Raw data
====================
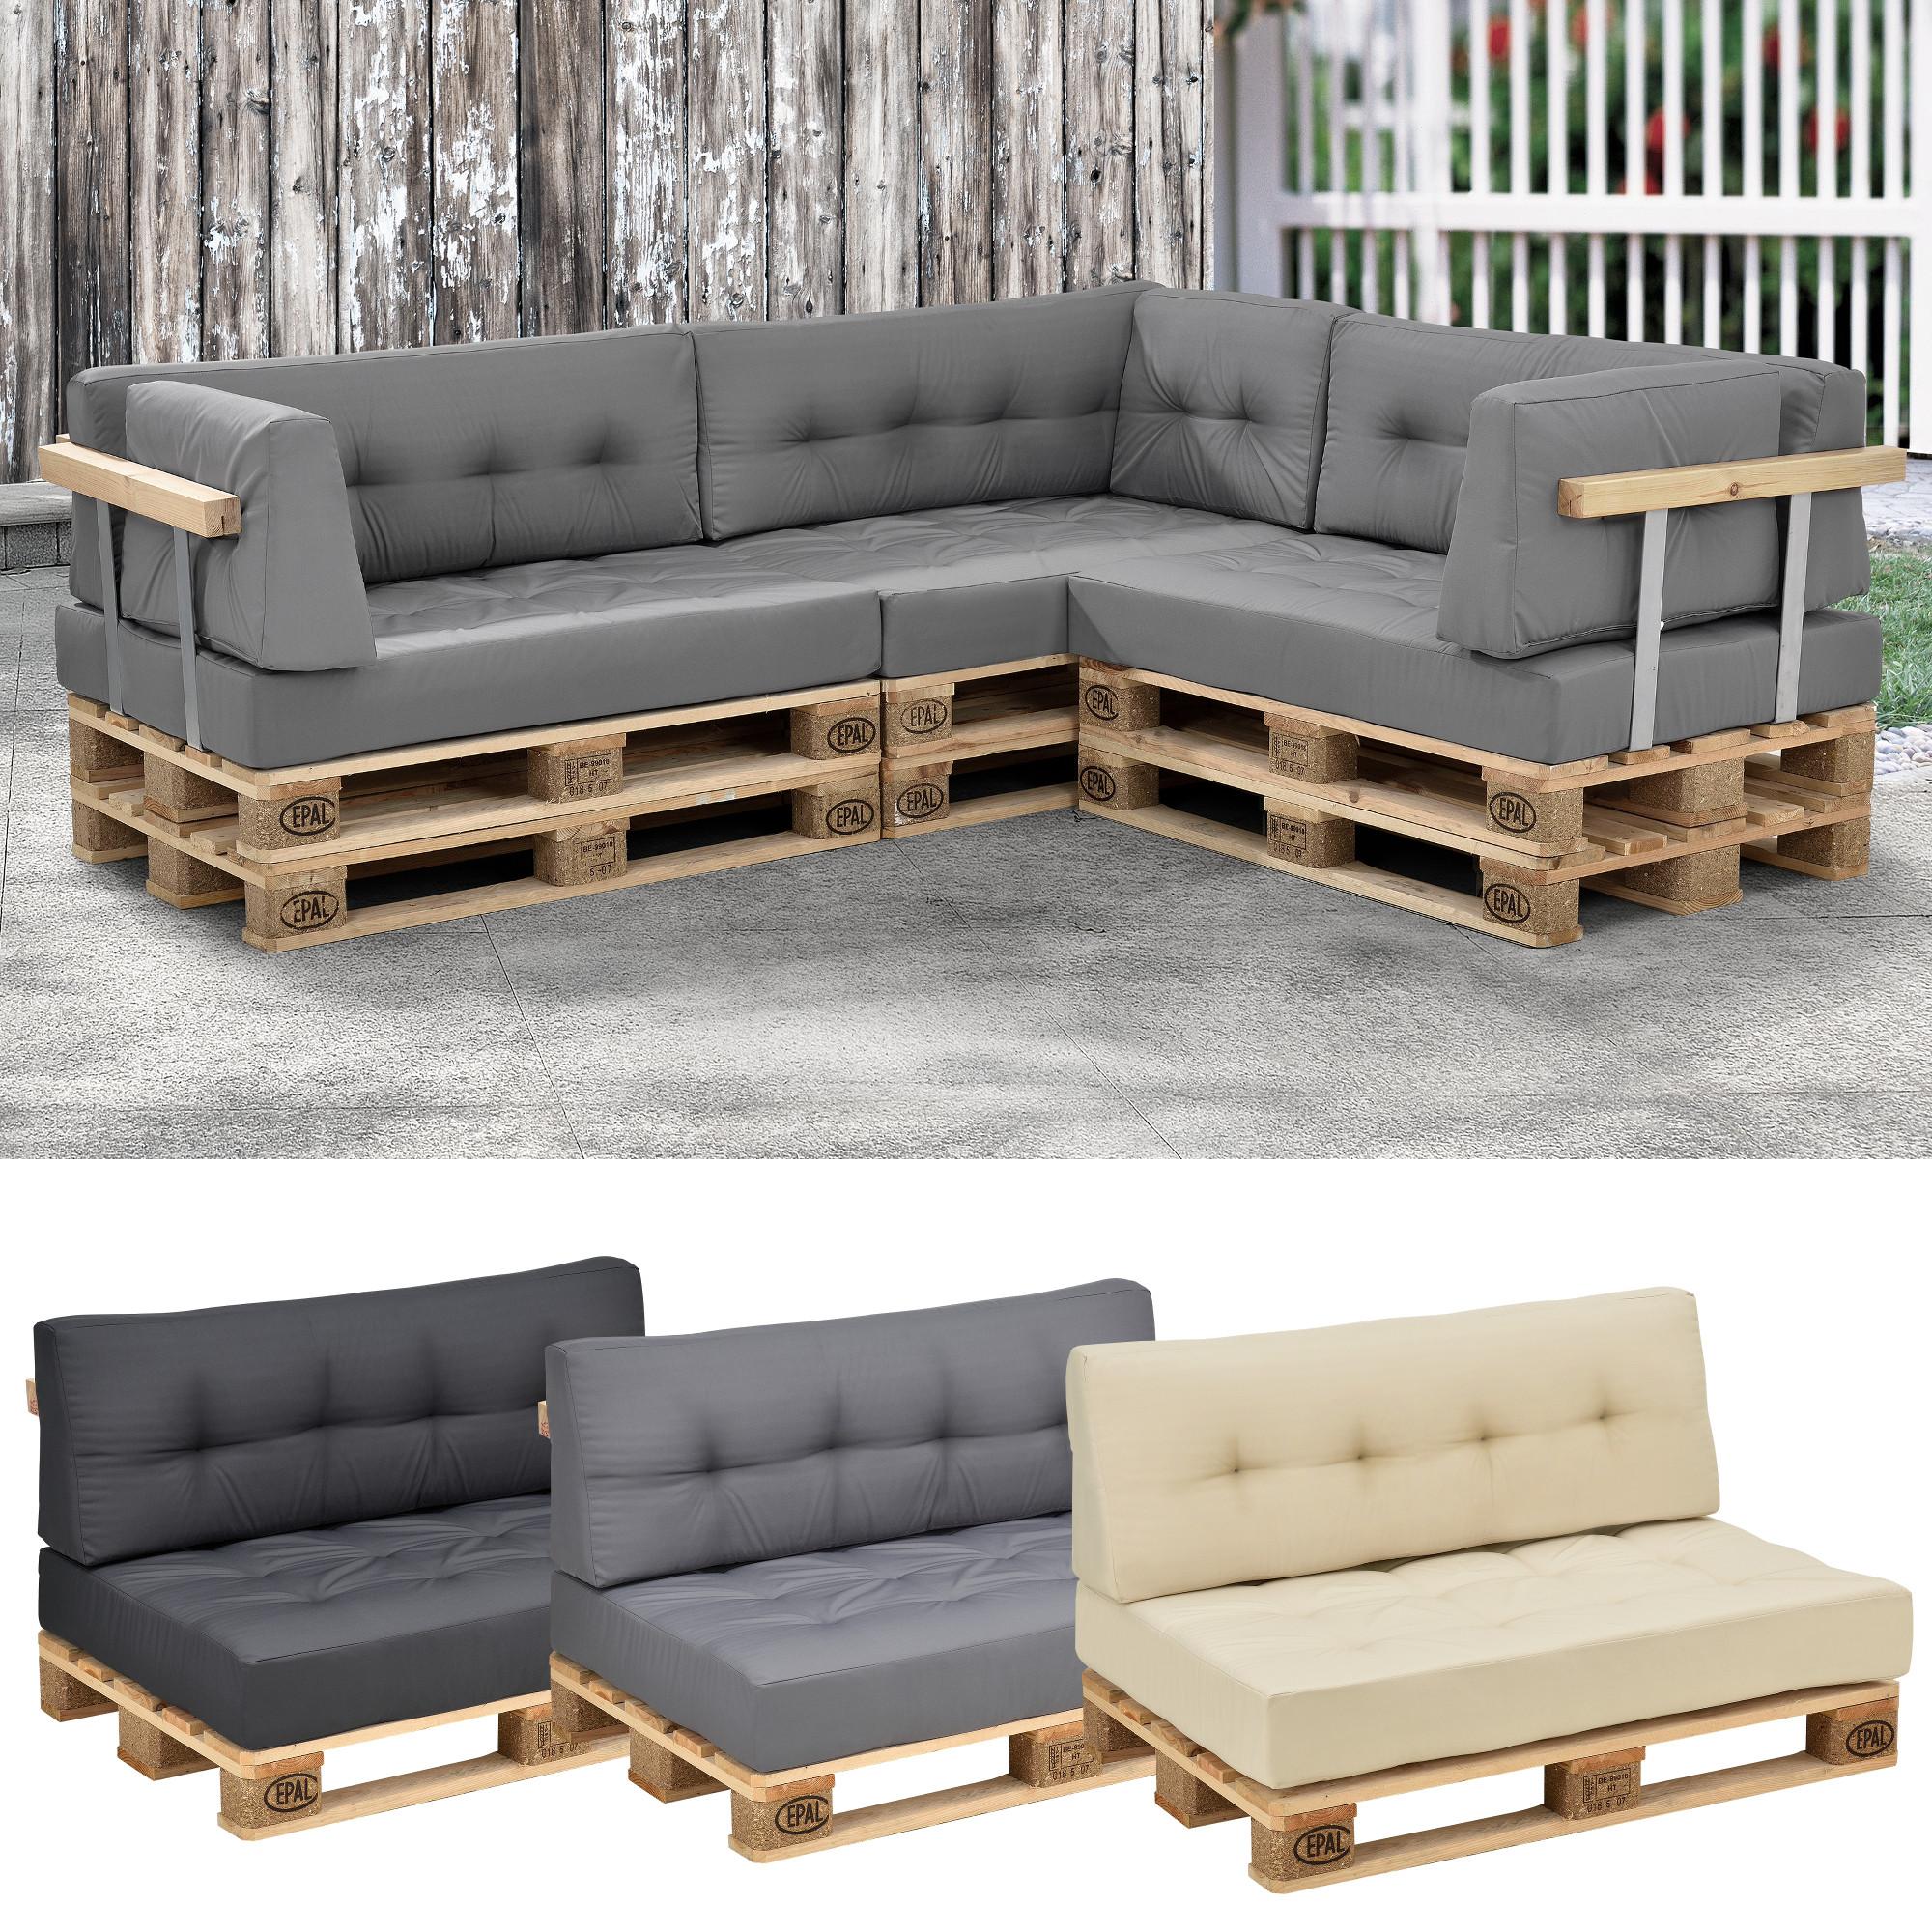 Paletten Sofa Kissen  [ensa] 1x Sitzpolster Palettenkissen In Outdoor
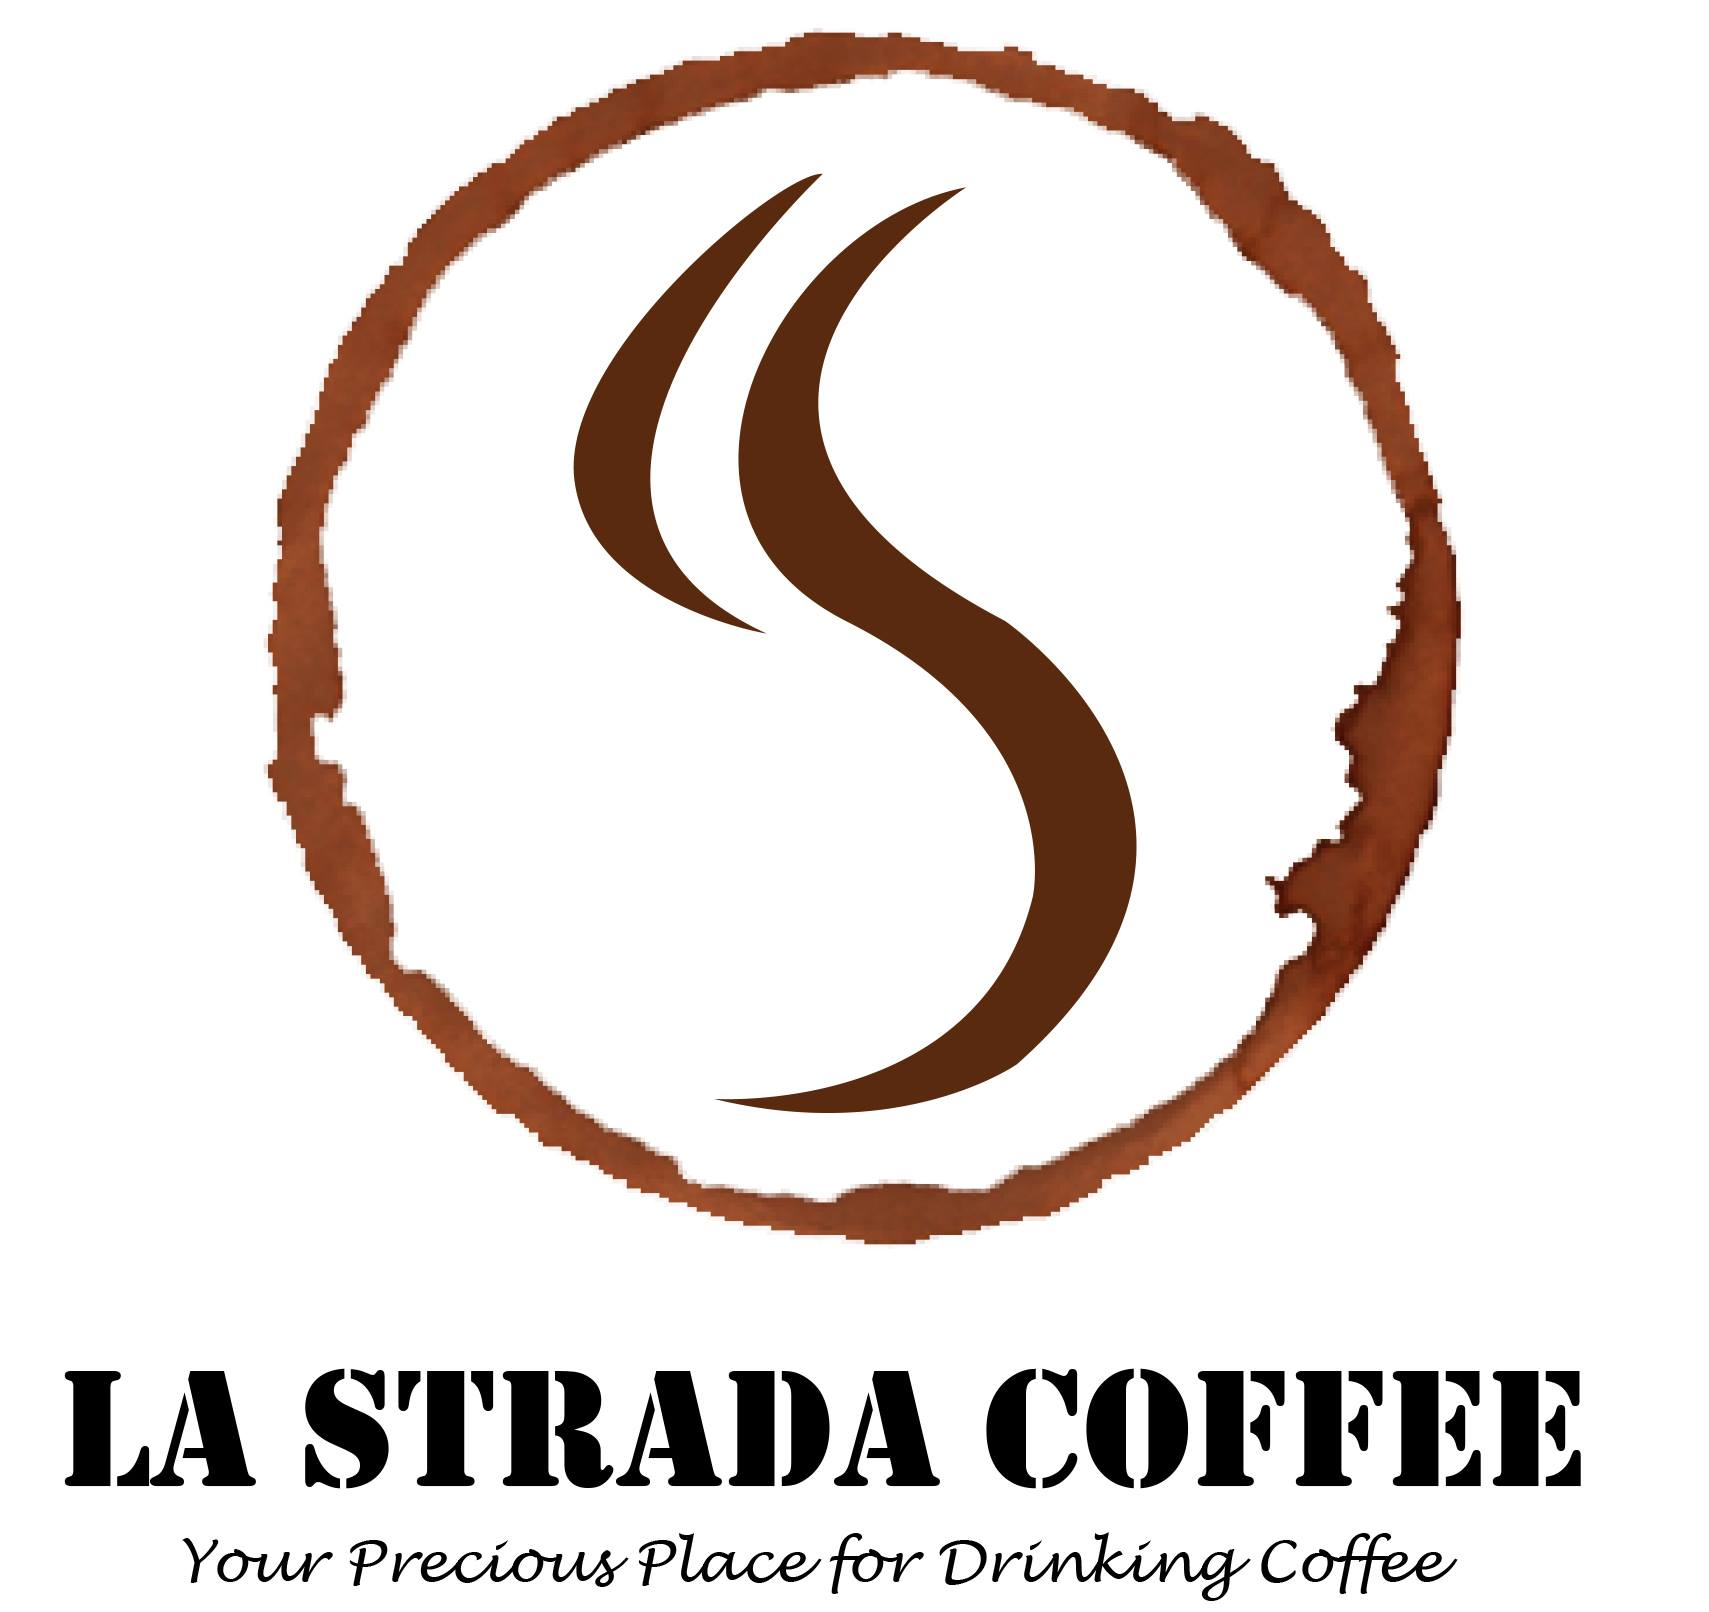 LA STRADA COFFEE
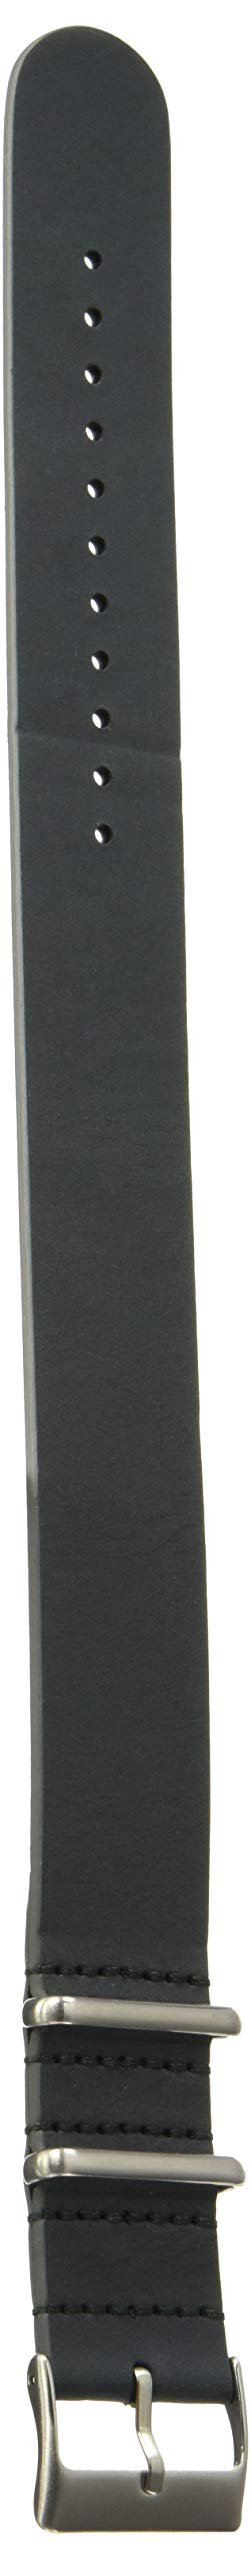 Kerbholz-Unisex-Erwachsene-Leder-Uhrenarmband-WATWHEI5452
====================
What the task needs is the material above repeated exactly, pictures excepted.

 Paletten Sofa Kissen  [ensa] 1x Sitzpolster Palettenkissen In Outdoor
 LA STRADA COFFEE
 Kerbholz-Unisex-Erwachsene-Leder-Uhrenarmband-WATWHEI5452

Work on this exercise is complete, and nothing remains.